Ground-Level (and Unscientific) Research Suggests Limits to Detroit Experiment
Posted by Bill Mitchell at 3:35 PM on Oct. 26, 2009
With advertising in the tank and recovery still a distant dream, at least in Detroit, the Detroit Free Press and Detroit News are looking elsewhere for a revenue boost.

Executives at the papers told me last week that they hope to double the revenue they receive from readers, shifting the traditional newspaper revenue split from 80 percent advertising and 20 percent circulation to 60-40 as part of their reduced home delivery plan.

It's a strategy that raises critical questions about the future of advertising. (My friend and former Free Press colleague Kirk Cheyfitz argues that the papers need to reinvent advertising before giving up on it). 

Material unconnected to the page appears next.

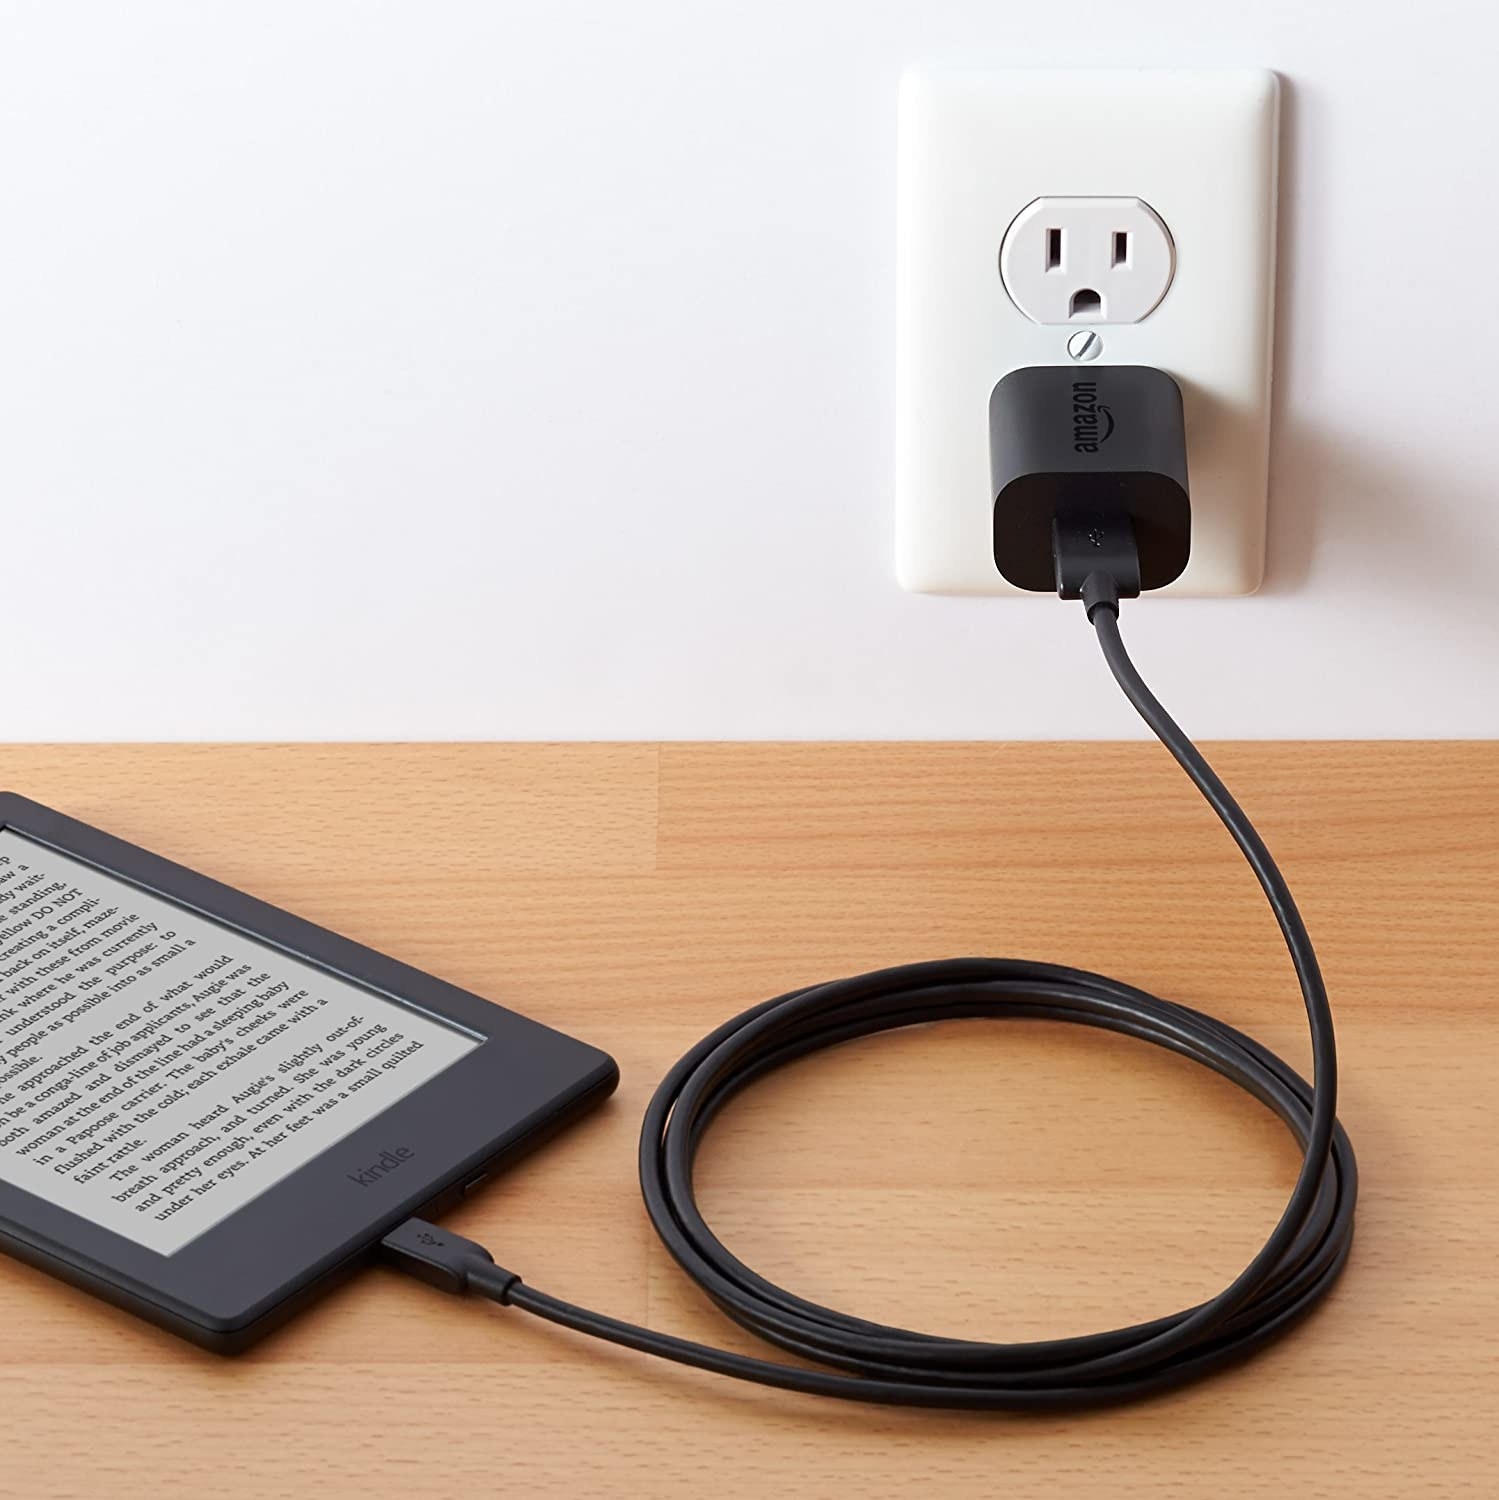 A charging cable charging a Kindle

And as circulation continues to drop industrywide, a trend analyzed today by my Poynter colleague Rick Edmonds, getting the readers who remain to pay more for the same (or less) news doesn't look very promising without significant product improvements. 

As a reporter and editor at the Free Press for nearly 20 years between 1972 and 1992, I admit to a personal stake in the Detroit papers' survival efforts. Since I was in Detroit on Friday and Saturday, I got a chance to do some personal -- and quite unscientific -- market research on how things are going.

Read on for some of the personal side of the Detroit newspaper experiment.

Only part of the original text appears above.